Official OpenCL 2.0 Feedback thread

[LEFT]Khronos Releases OpenCL 2.0 Provisional Specification for Public Review
New generation of industry open standard for cross-platform parallel programming delivers increased flexibility, functionality and performance[/LEFT]

July 22nd 2013 – SIGGRAPH - Anaheim, CA – The Khronos™ Group today announced the ratification and public release of the OpenCL™ 2.0 provisional specification. OpenCL 2.0 is a significant evolution of the open, royalty-free standard that is designed to further simplify cross-platform, parallel programming while enabling a significantly richer range of algorithms and programming patterns to be easily accelerated. As the foundation for these increased capabilities, OpenCL 2.0 defines an enhanced execution model and a subset of the C11 and C++11 memory model, synchronization and atomic operations. The release of the specification in provisional form is to enable developers and implementers to provide feedback before specification finalization, which is expected within 6 months.

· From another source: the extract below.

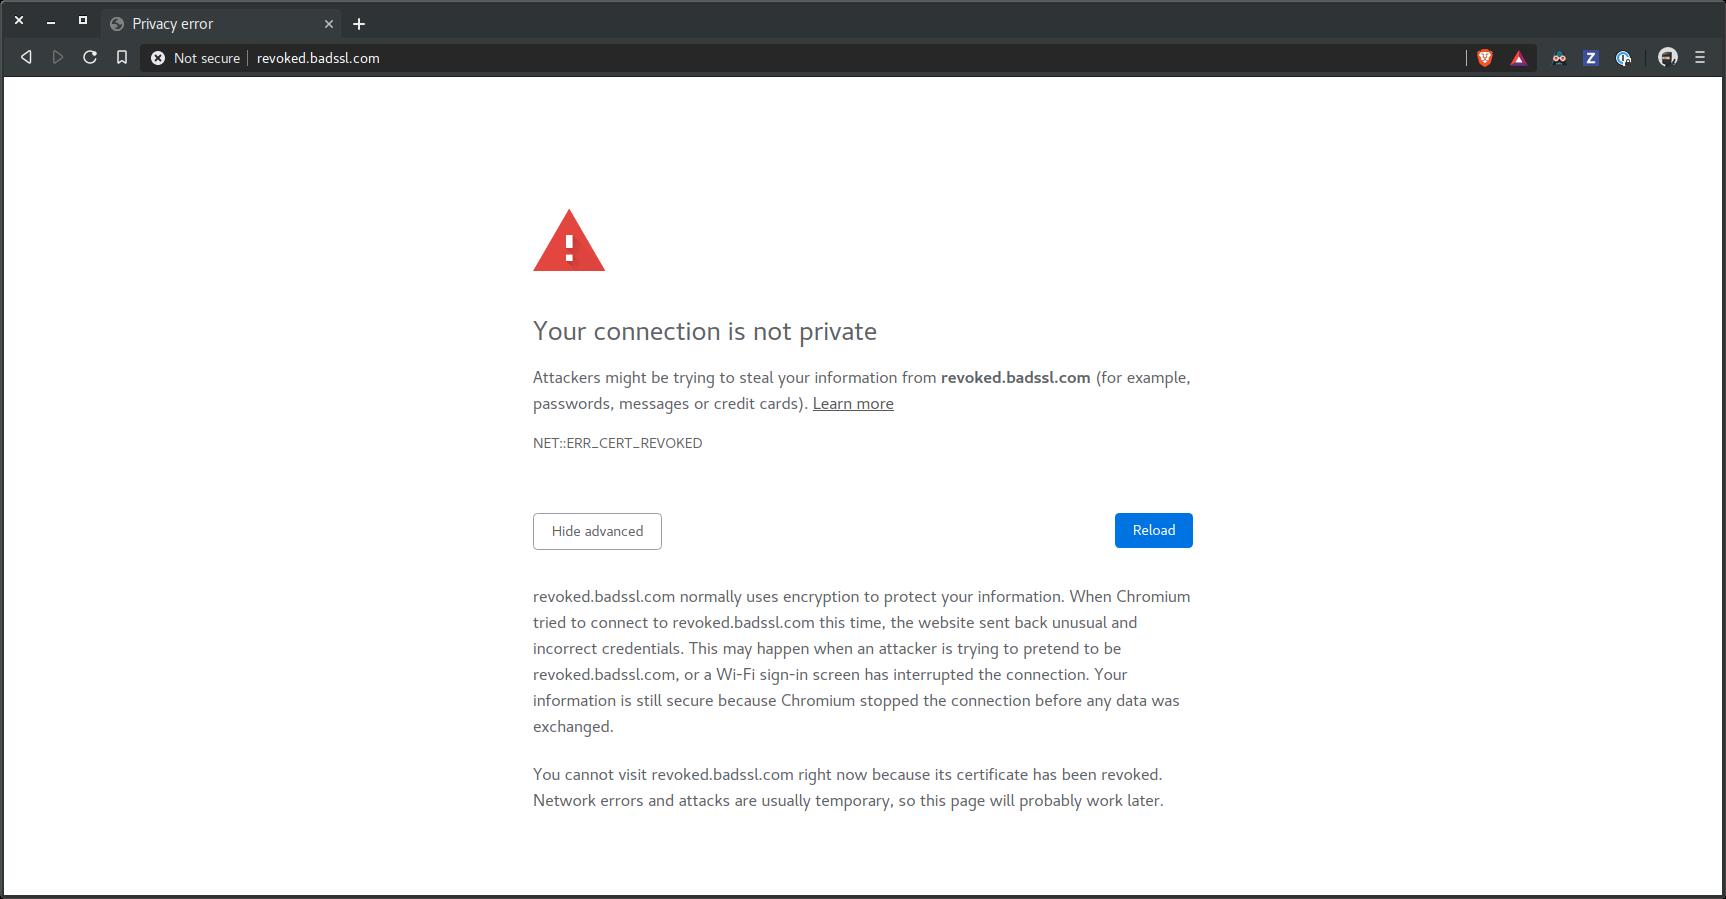 Fix Chromium text in cert error page · Issue #4332 · brave/brave

The OpenCL 2.0 provisional specification and reference cards are available at

“The OpenCL working group has combined developer feedback with emerging hardware capabilities to create a state-of–the-art parallel programming platform - OpenCL 2.0,” said Neil Trevett, chair of the OpenCL working group, president of the Khronos Group and vice president of mobile content at NVIDIA. “OpenCL continues to gather momentum on both desktop and mobile devices. In addition to enabling application developers it is providing foundational, portable acceleration for middleware libraries, engines and higher-level programming languages that need to take advantage of heterogeneous compute resources including CPUs, GPUs, DSPs and FPGAs.”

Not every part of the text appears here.